== Segment start ==

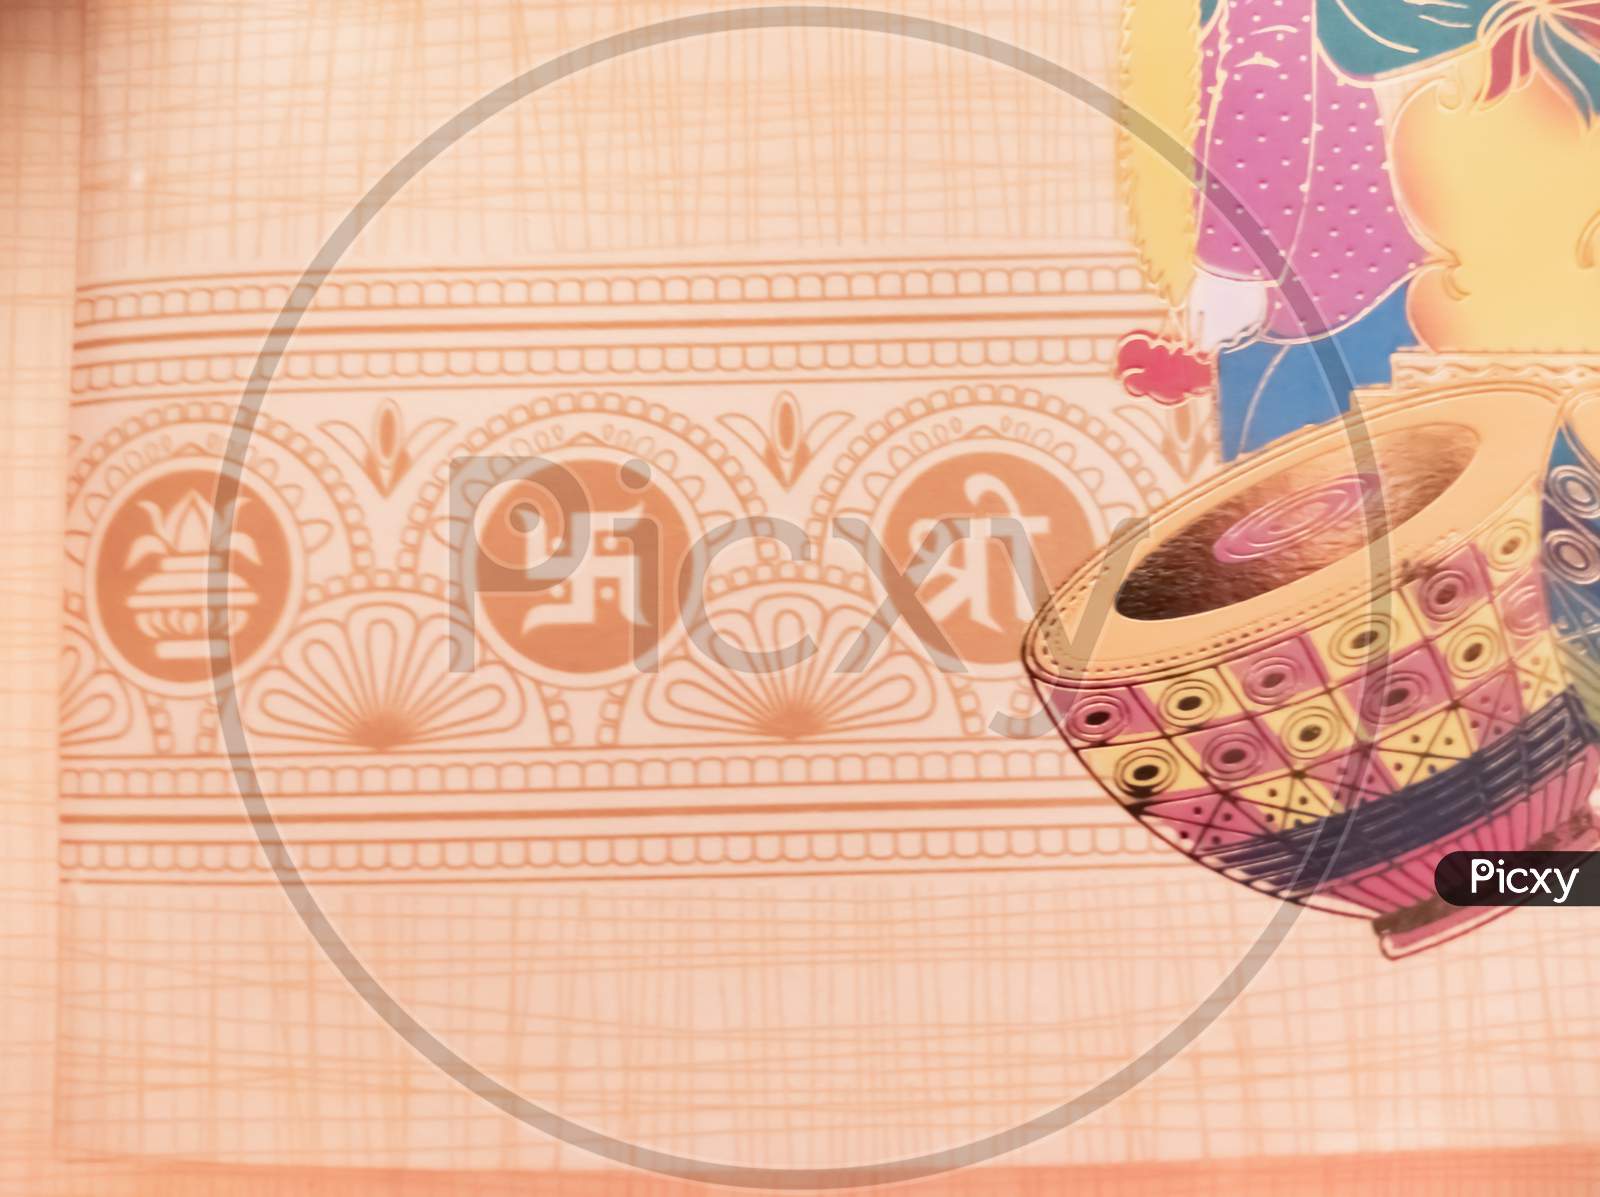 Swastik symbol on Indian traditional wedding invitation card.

== Segment end ==
== Segment start ==

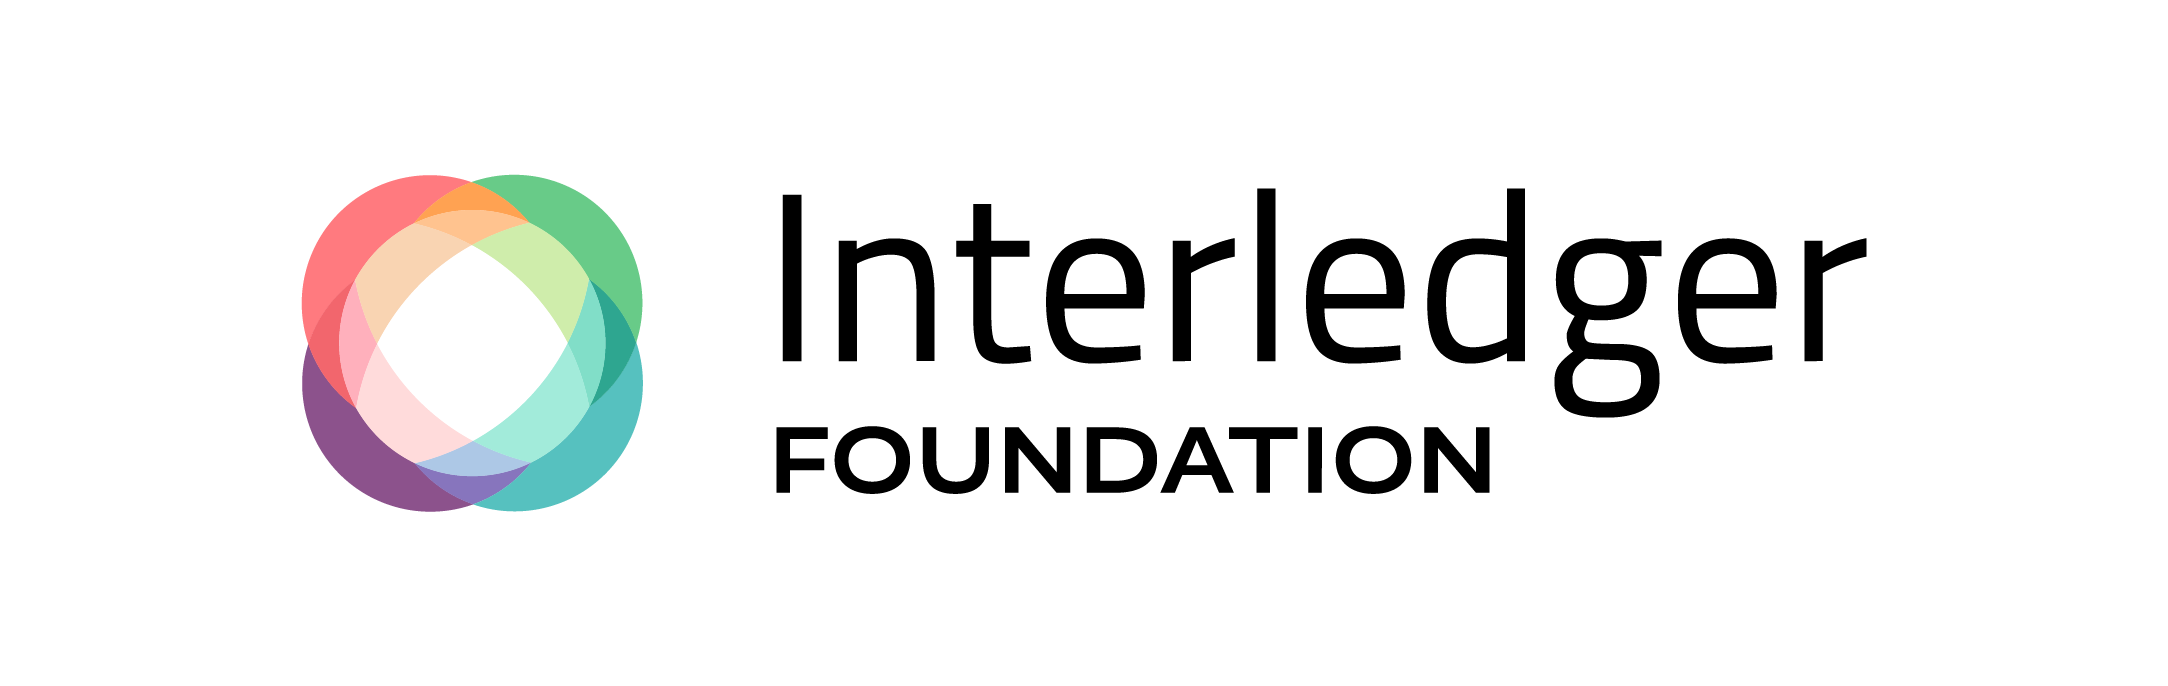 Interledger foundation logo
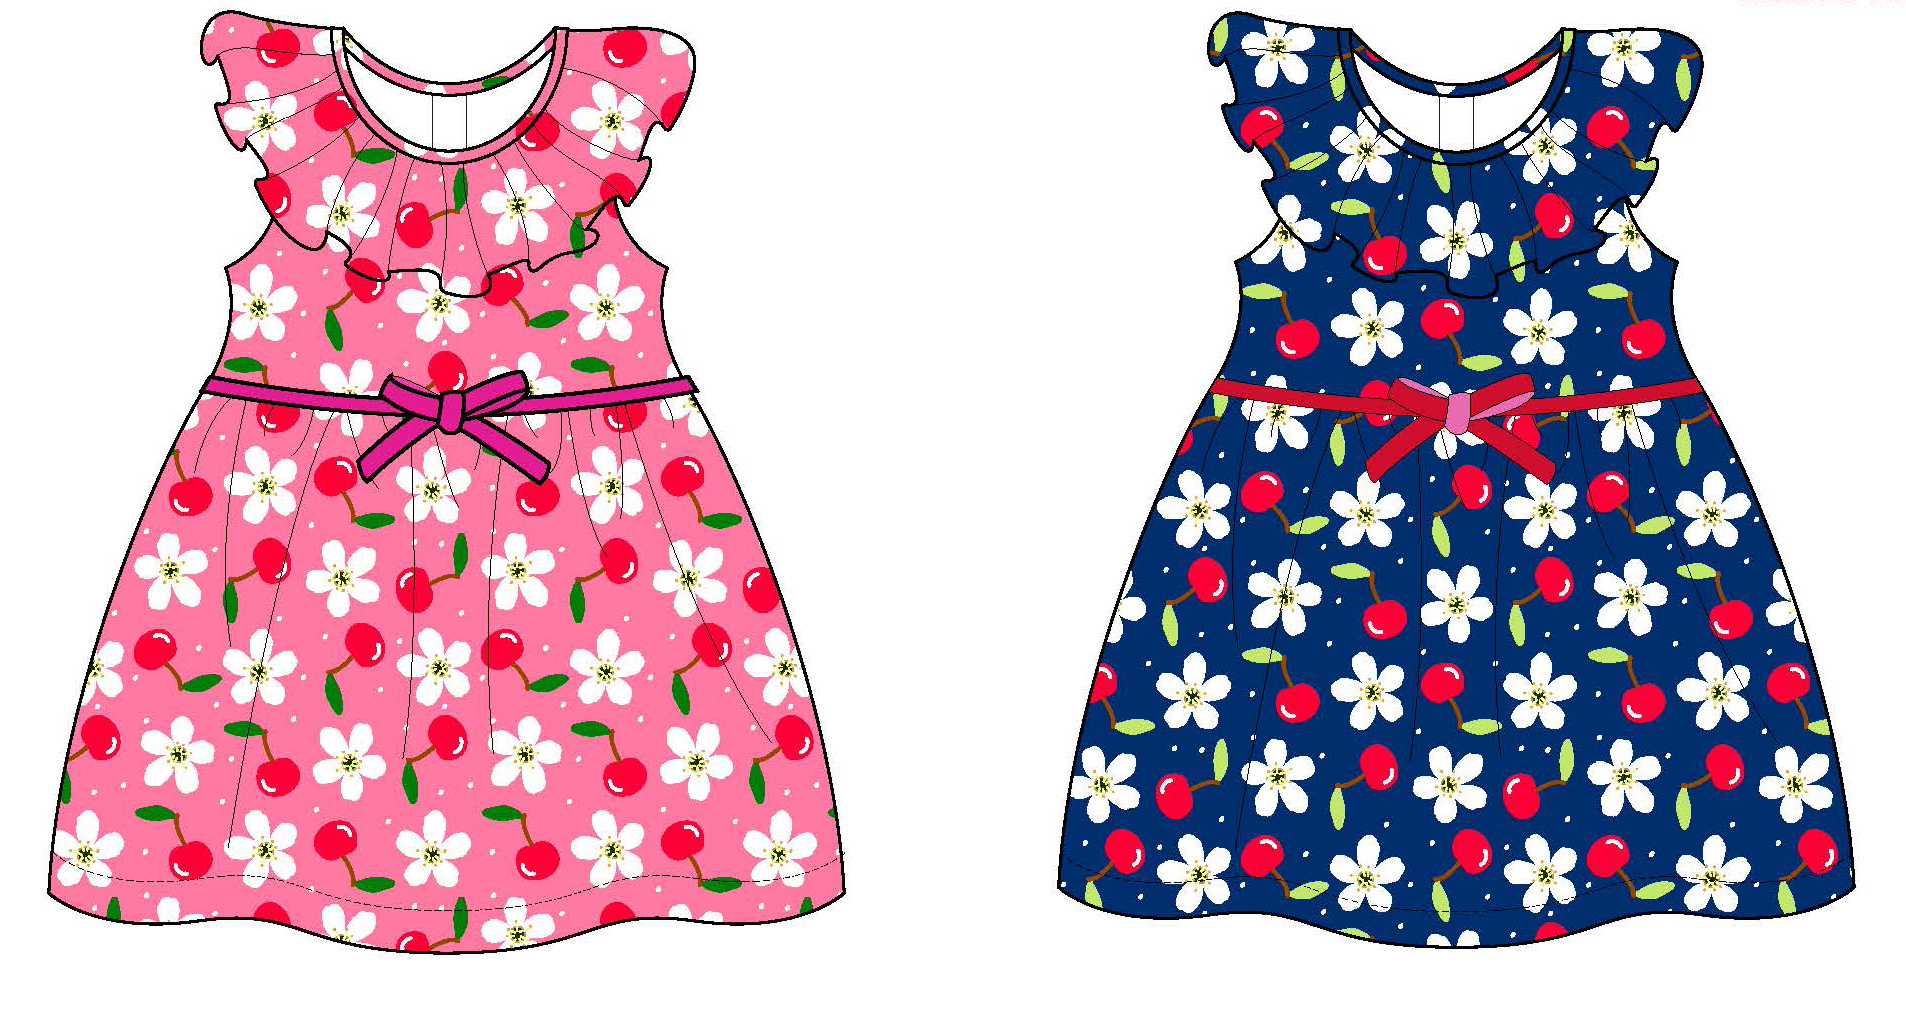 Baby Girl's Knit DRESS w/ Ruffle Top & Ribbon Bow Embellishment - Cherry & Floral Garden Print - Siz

== Segment end ==
== Segment start ==

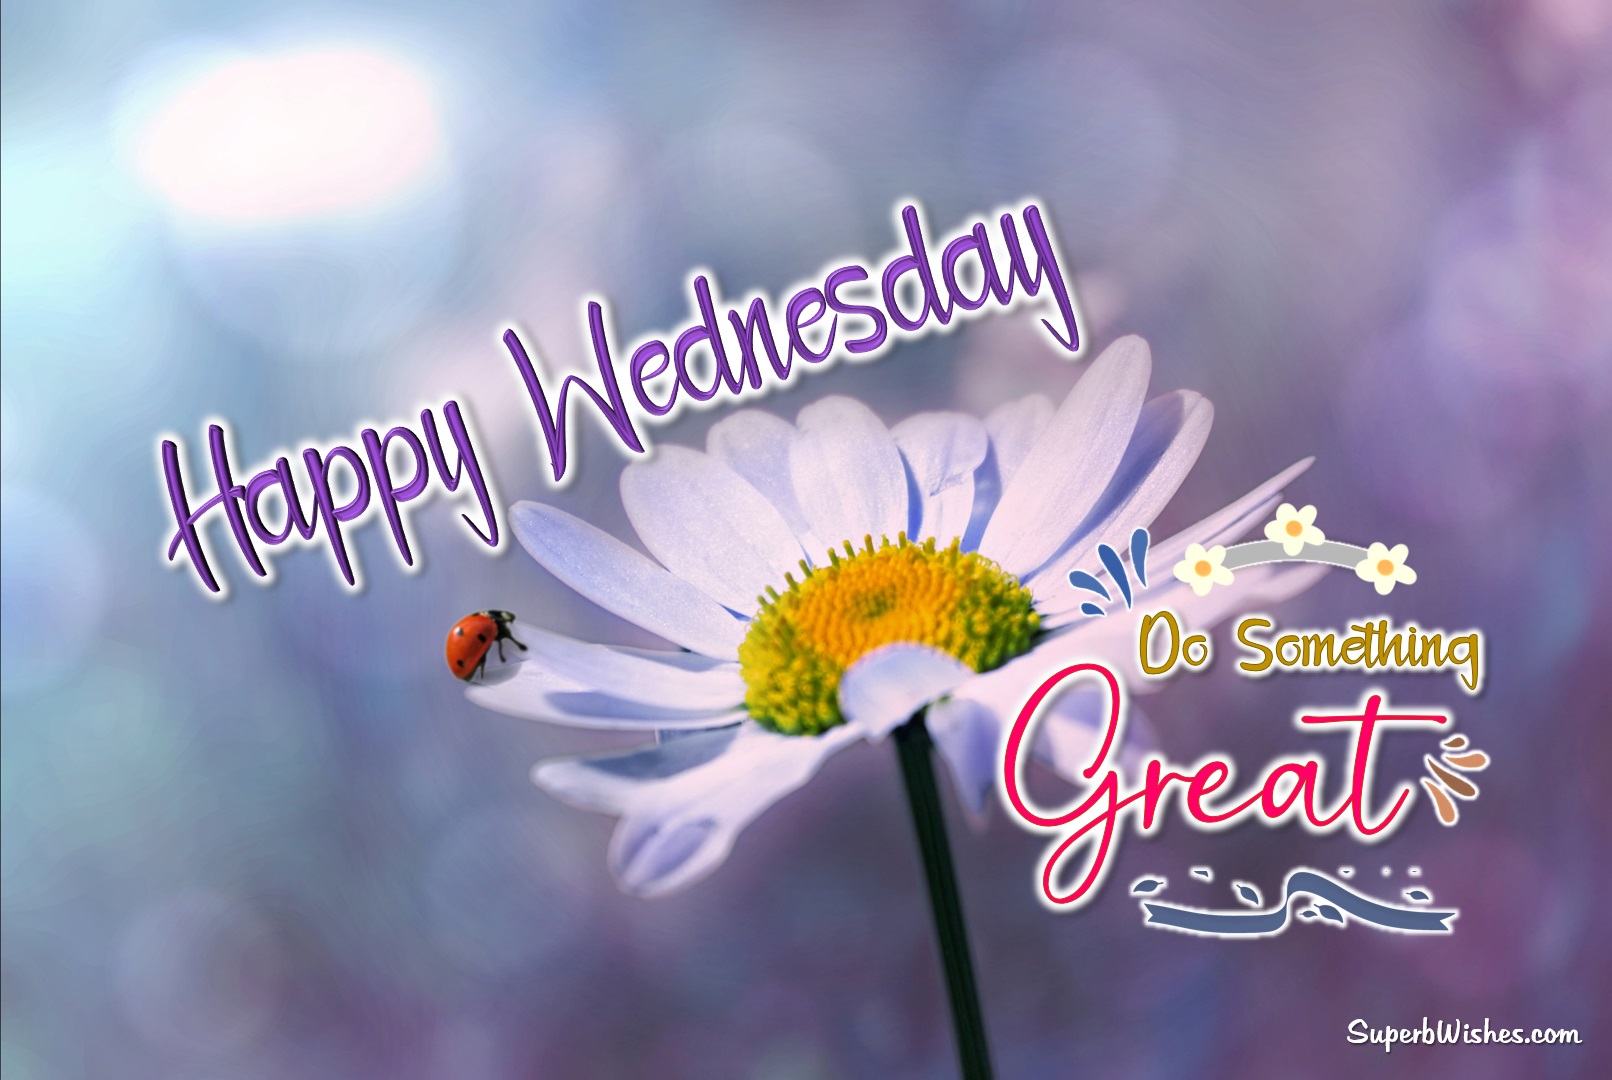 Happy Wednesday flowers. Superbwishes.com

== Segment end ==

**Task to complete:**
Repeat, without pictures, exactly the lines of the data above from the one containing "Interledger foundation logo" through the one containing "Baby Girl's Knit", including both and adding nothing.

**Exercise result:**
 Interledger foundation logo
 Baby Girl's Knit DRESS w/ Ruffle Top & Ribbon Bow Embellishment - Cherry & Floral Garden Print - Siz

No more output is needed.